Jo leżała na swoim łóżku. Jedną, zgiętą rękę miała ułożoną pod głową, a drugą rzucała niewielkim kauczukiem o ścianę, który odbijał się od niej i wracał do niej. Kątem oka popatrzyła na łóżko Samanthy. Blondynka od tygodnia nie odezwała się do niej nawet słowem. Cały czas była urażona o to, jak zachowała się na balu. Westchnęła ciężko, przewracając oczami. Owszem, zaprzyjaźniły się ze sobą, ale miała prawo do jakichś tam swoich niewielkich sekretów.
Złapała po raz ostatni piłkę i odłożyła ją do szuflady przy łóżku. Podniosła się ze swojego miejsca, po czym podeszła do okna i pobieżnym spojrzeniem zmierzyła dziedziniec kampusu, zatłoczony przez uczniów, spacerujących w tę i z powrotem. Dostrzegła wśród nich Hill razem z chłopakami. Poczuła nieprzyjemne ukłucie w piersi. Wszyscy mieli jej za złe, to co zrobiła, a na domiar złego nie odzywali się również do Davida, który obiecał, że nikomu nic nie powie o tym, co chciałaby osiągnąć Joanna poprzez udawanie jego dziewczyny.

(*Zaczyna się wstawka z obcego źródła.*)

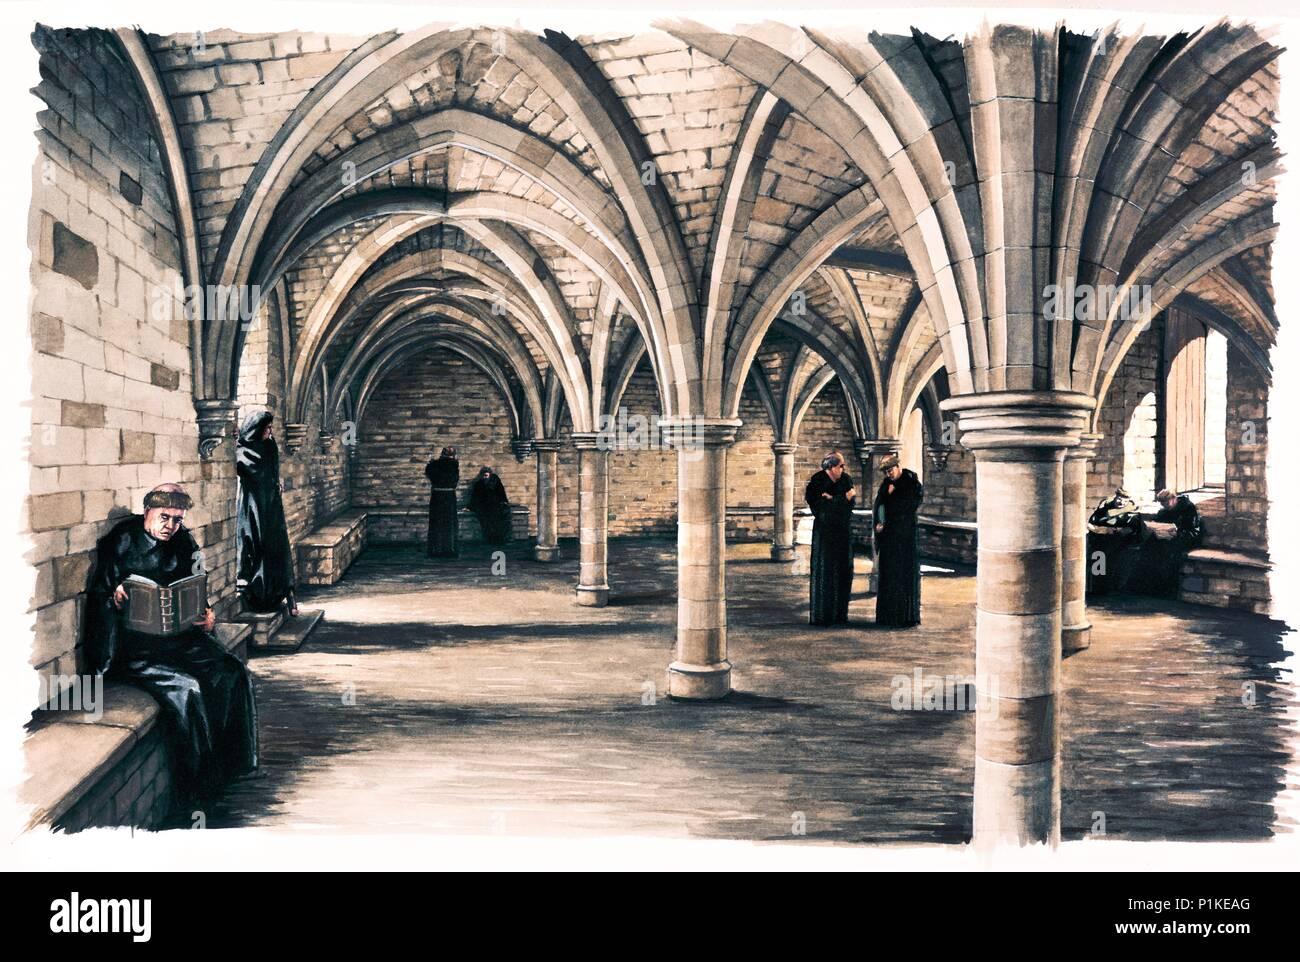 Mönche in den gemeinsamen Raum der Battle Abbey, East Sussex, 12. Jahrhundert (c 1990 - c 2010). Wiederaufbau Zeichnung. Stockbild

Wzdrygnęła się, słysząc pukanie do drzwi. Zupełnie nie spodziewała się, że ktoś będzie chciał ją odwiedzić. Mogła liczyć jedynie na nauczycieli... W tym na Louisa, a tego nie chciała najbardziej na świecie. Przez cały tydzień unikała go jak ognia i miała cichą nadzieję, że nie będzie musiała doprowadzić do konfrontacji z nim aż do przerwy świątecznej. Owszem, nie wracała do domu, całe czternaście dni planowała spędzić w szkole, ale przynajmniej udałoby jej się coś wymyślić, albo nastawić się jakoś na odparcie wszelkich prób rozmowy z jego strony. Tchórzyła, wiedziała o tym, jednak nie miała żadnego innego pomysłu, jak mogłaby ogarnąć to wszystko inaczej.
Z zamyślenia wyrwało ją kolejne pukanie. Z cichym pomrukiem ruszyła w kierunku wejścia, by po chwili otworzyć drzwi. Nie była zdziwiona, kiedy dostrzegła Davida. Mogła się domyślić, że chłopak będzie chciał, żeby mu to wszystko wytłumaczyła. Machnęła na niego głową, zapraszając tym samym do wnętrza pokoju, a sama rzuciła się na swoje łóżko twarzą w poduszkę, od razu obejmując ją ramionami. Niall również nie chciał z nią rozmawiać, więc musiała zadowolić się głupią górą puchu zamiast ramionami najlepszego przyjaciela.
- Jak się czujesz? - zapytał cicho ciemnowłosy, zajmując miejsce na łóżku Samanthy, uważnie przyglądając się Joannie. Według niego wyglądała tragicznie. Nie chciał być niemiły, po prostu siedzenie samej w domu źle na nią wpływało. Zmarszczył brwi, słysząc jej ciche westchnienie. - Zapytałem o coś nie tak?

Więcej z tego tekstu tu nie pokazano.